Return the lines of the data below starting at the one holding "Abstract Throw Pillow" and ending at the one holding "Promate PowerState All-in-One", word for word, leaving every picture out.

■ Data ■
>>

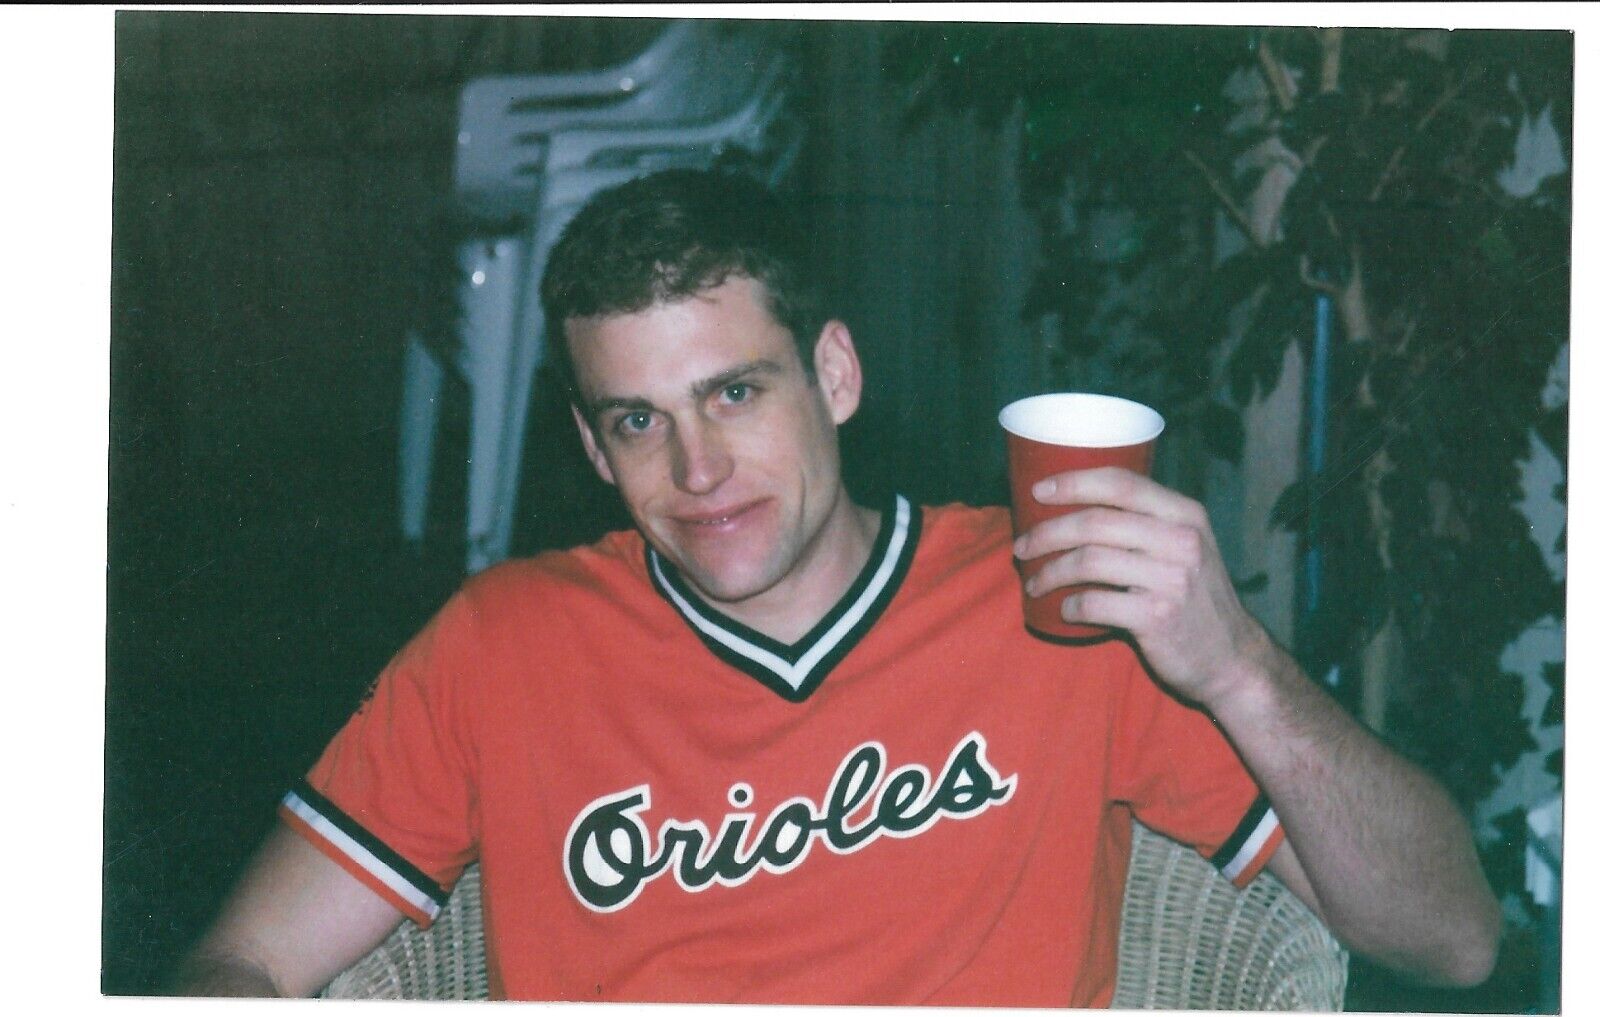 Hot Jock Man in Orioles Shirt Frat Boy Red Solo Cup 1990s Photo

<<
>>

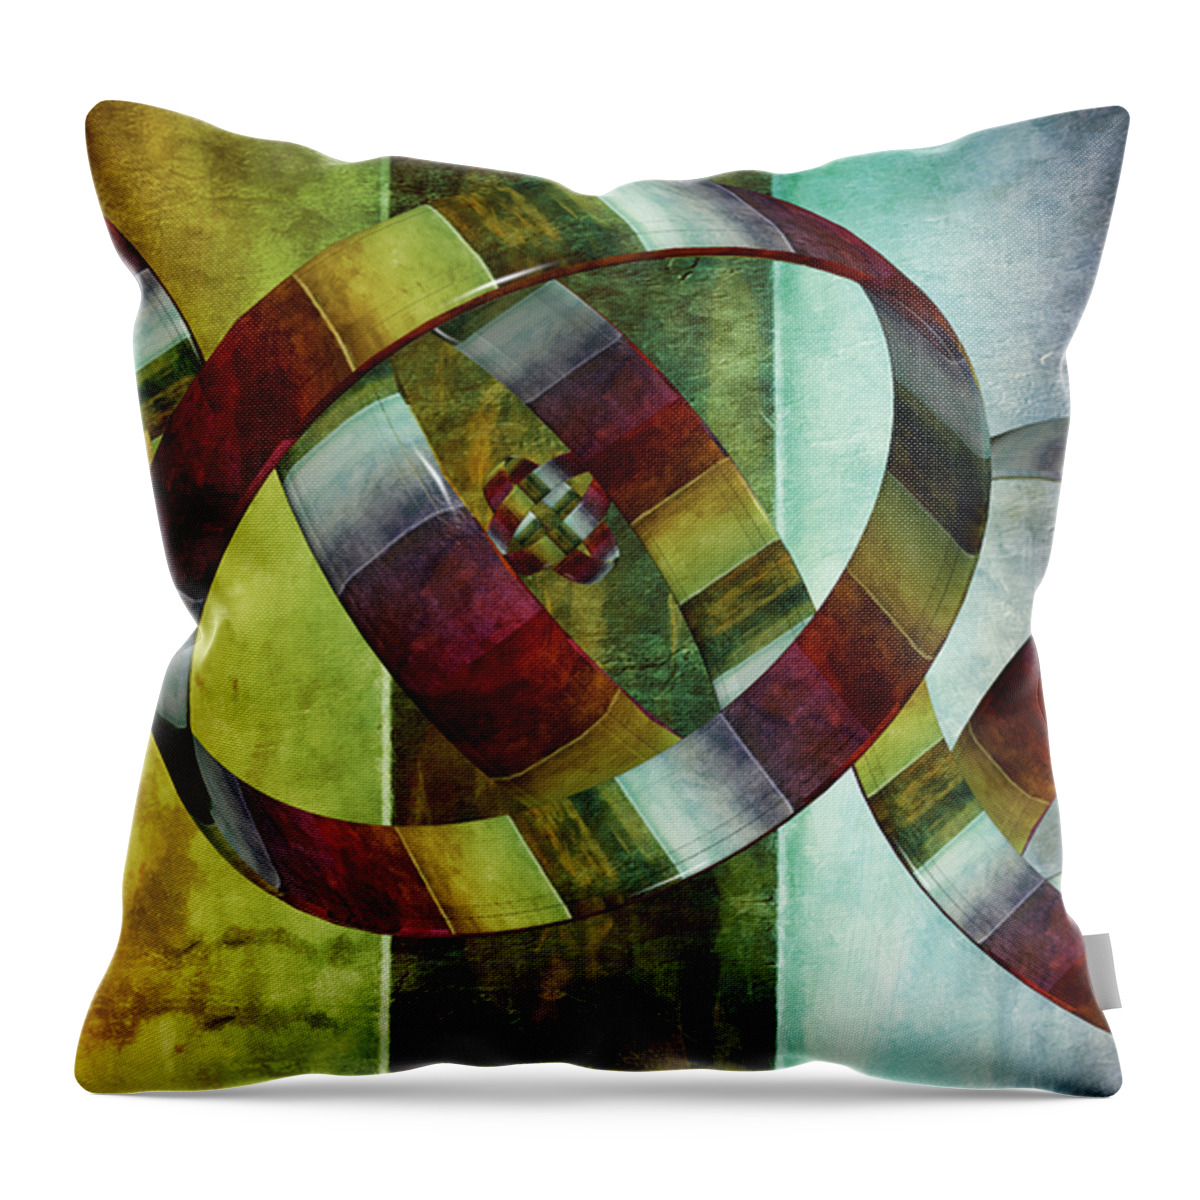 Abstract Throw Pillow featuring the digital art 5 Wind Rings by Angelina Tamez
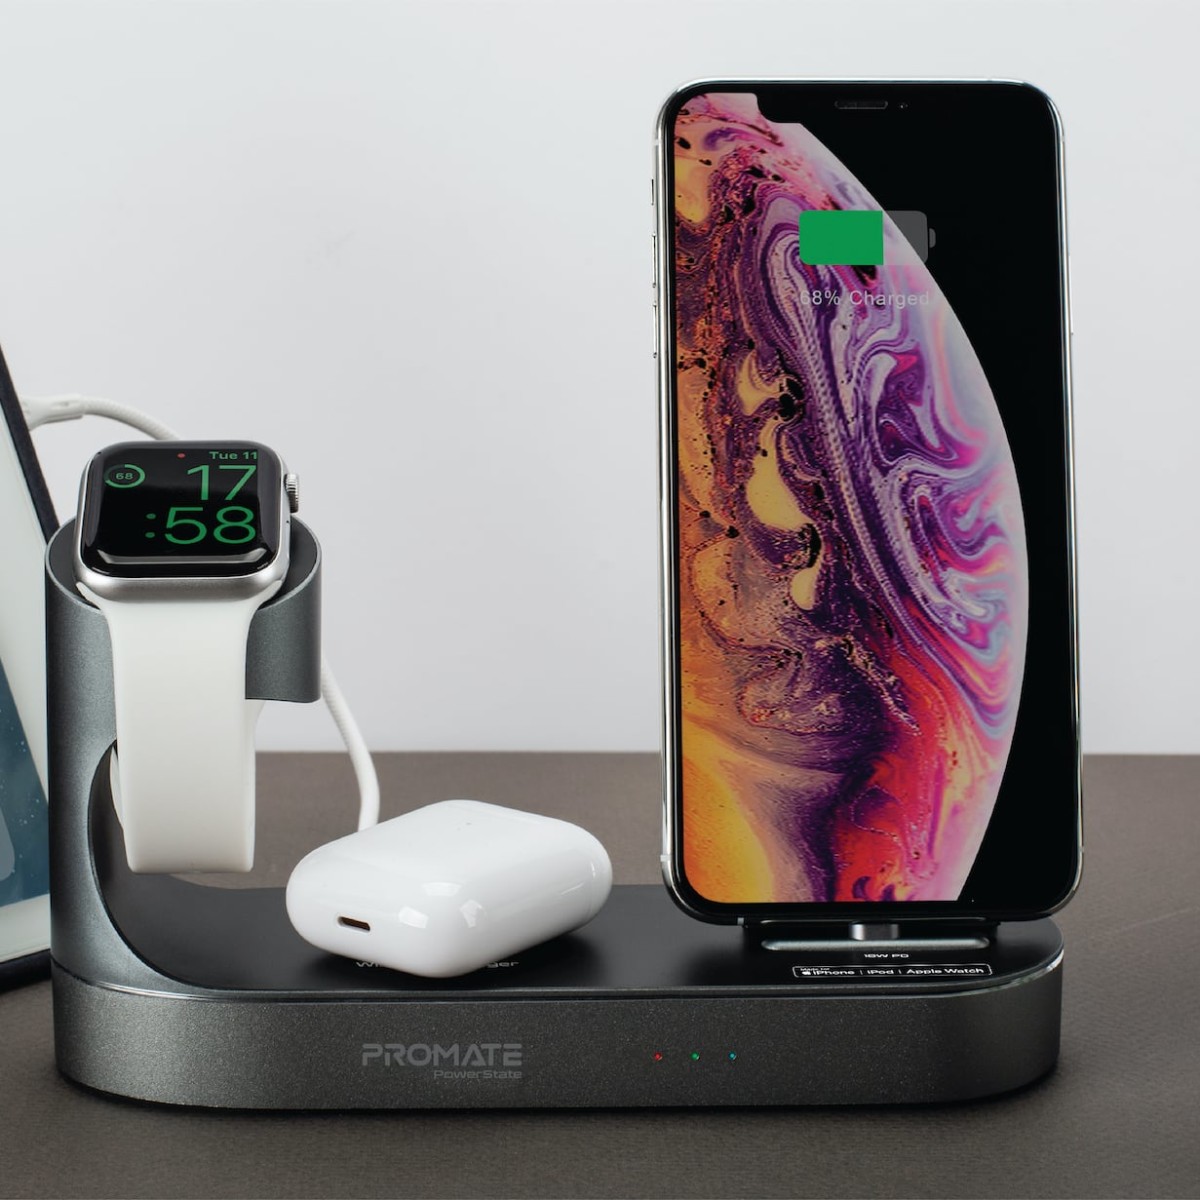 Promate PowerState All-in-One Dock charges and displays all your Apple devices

<<

■ Exercise solution ■
 Abstract Throw Pillow featuring the digital art 5 Wind Rings by Angelina Tamez
 Promate PowerState All-in-One Dock charges and displays all your Apple devices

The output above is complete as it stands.